Географ глобус пропил - Иванов Алексей Викторович (книги регистрация онлайн TXT) 📗
– Можно я закурю? – спросила Сашенька, закурила и задумчиво рассказала: – Знаешь, Витя, как раз очень хорошо пообщались… Он меня коньяком угощал, смеялся, даже отпускать не хотел… Но был такой момент… Как бы это сказать… Он спросил, как у меня дела с Колесниковым, но спросил так, будто это его мало интересует, будто у него самого есть что-то и поважнее… Мне показалось, что на самом деле появление Колесникова в моей жизни его очень уязвило и он теперь маскируется… Хотя однажды я видела его с учительницей из твоей школы… Как ее?…
– Кира, – мрачно подсказал Служкин, чистя картофелину.
– Вот, с Кирой видела… И он будто бы хочет в отместку показать мне, что отношения с Кирой ему важнее, чем отношения со мной. Что он влюбился в нее. Но я-то знаю, что он любить не умеет. Скажи мне, Витя, у Будкина с этой Кирой что-нибудь есть?
– Нету, – ухмыльнулся Служкин. – Хотя возможно, что он с ней спит.

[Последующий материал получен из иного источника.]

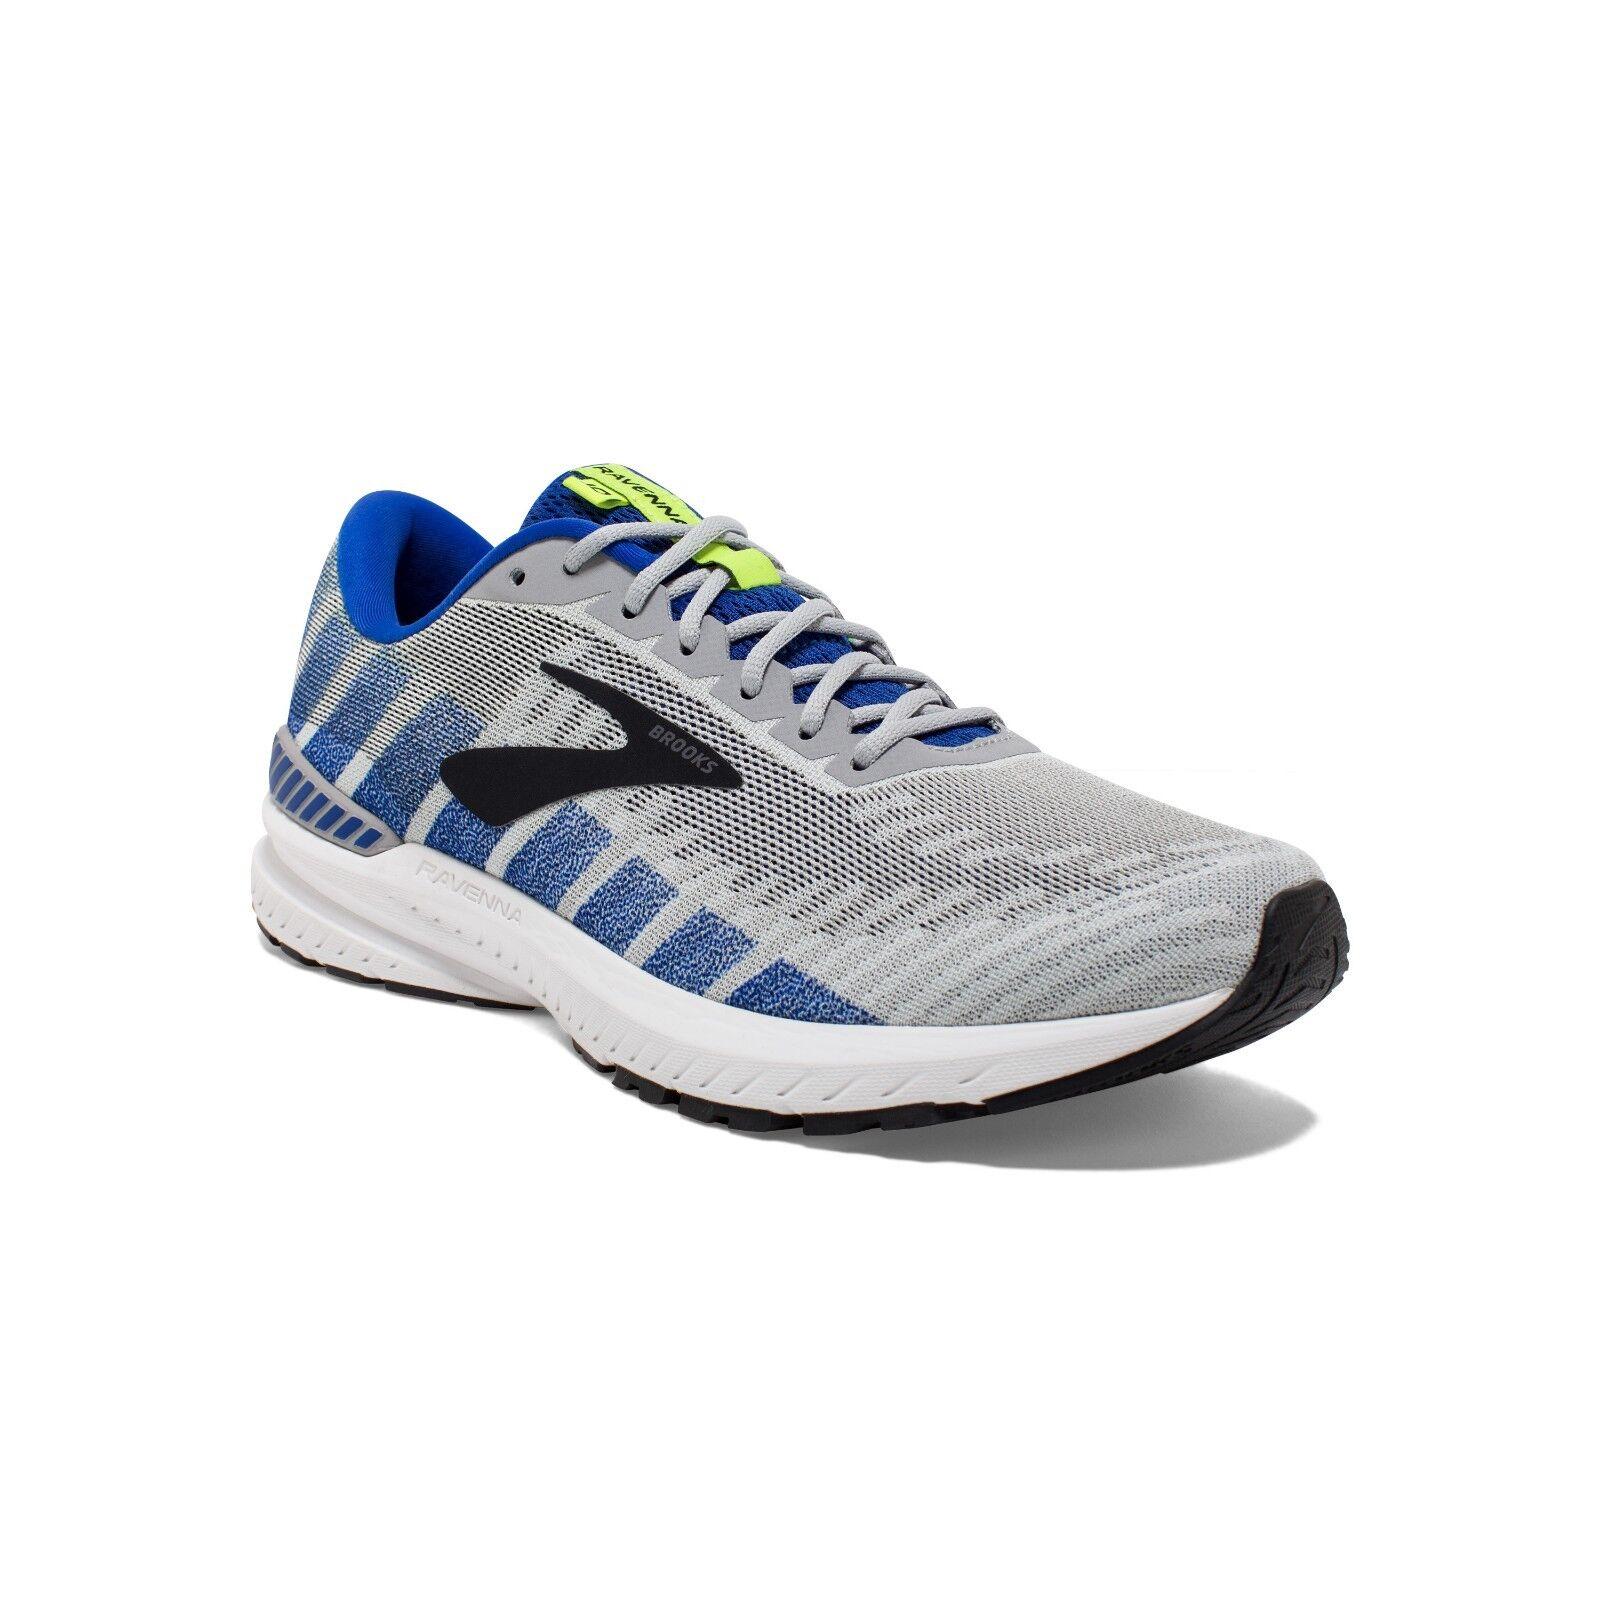 versión más reciente Brooks Ravenna 10 Para Hombre Zapatillas Para Correr (2E) (082)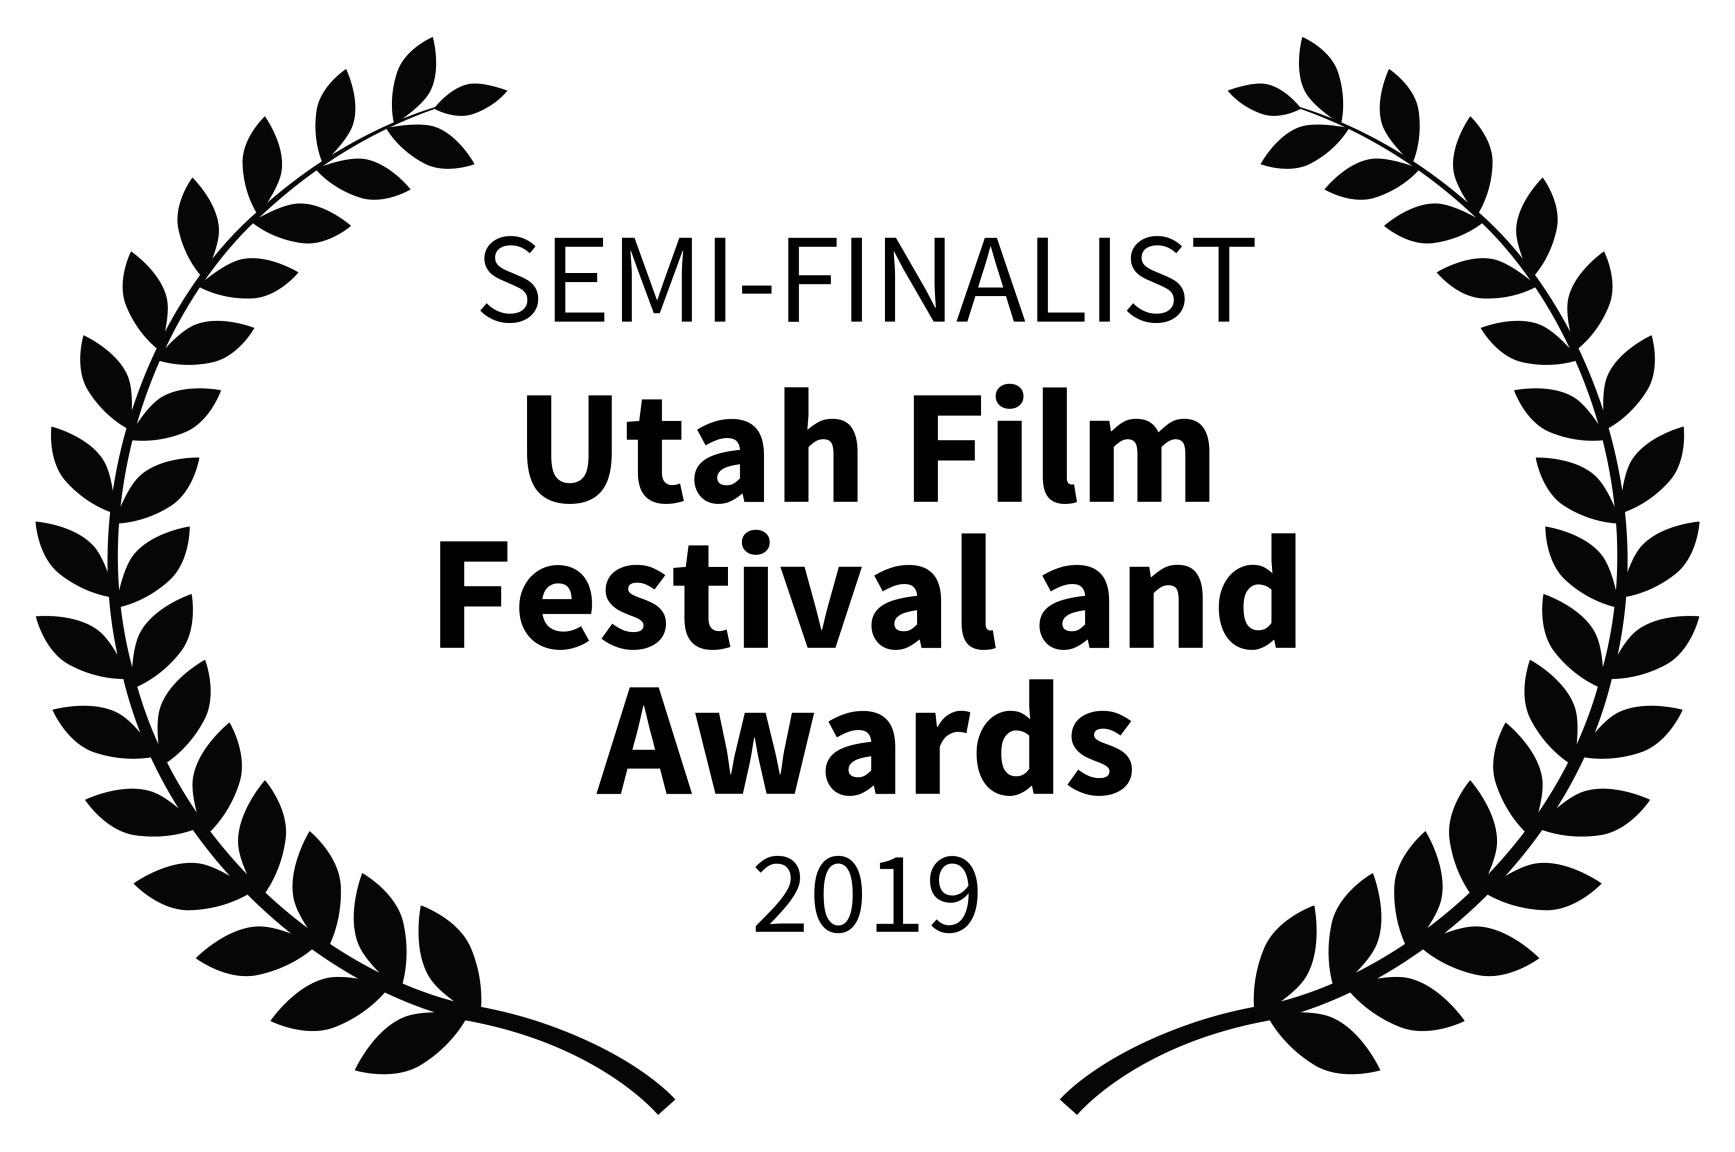 SEMI-FINALIST - Utah Film Festival and Awards - 2019_REDHEAD.jpg

– Значит, он все-таки думает обо мне, раз уж так выделывается…
– Лучше бы, Сашенька, ты вообще не размышляла об этом, если у тебя плохо получается, – мягко посоветовал Служкин, серпантином срезая с картофелины шелуху.
– Ну объясни мне тогда! – почти с мольбой потребовала Саша.
– Как я могу объяснить тебе, Сашенька, если ты ничего не хочешь знать? – вздохнул Служкин. – Я тебе уже тысячу раз предлагал упростить ситуацию: ты люби меня, а я буду любить тебя, и все будет хорошо.
– Почему же я не хочу знать? – жалобно сказала Сашенька. – Я хочу! Скажи мне правду – любую, я выдержу. Что там у Будкина с Кирой?
Служкин только махнул рукой.
– Я не могу тебе изложить факты, – начал устало пояснять он, – потому что ты их неверно истолкуешь. Я тебе даю сразу истолкование – верное, потому что со стороны виднее. Но тебе его не надо. Тебе нужны факты. Замкнутый круг, Сашенька. Ты в своей душе как в комнате без окон и дверей. Поэтому и любовь твоя какая-то бессильная. Ты очнись. Свет не сходится клином ни на чем.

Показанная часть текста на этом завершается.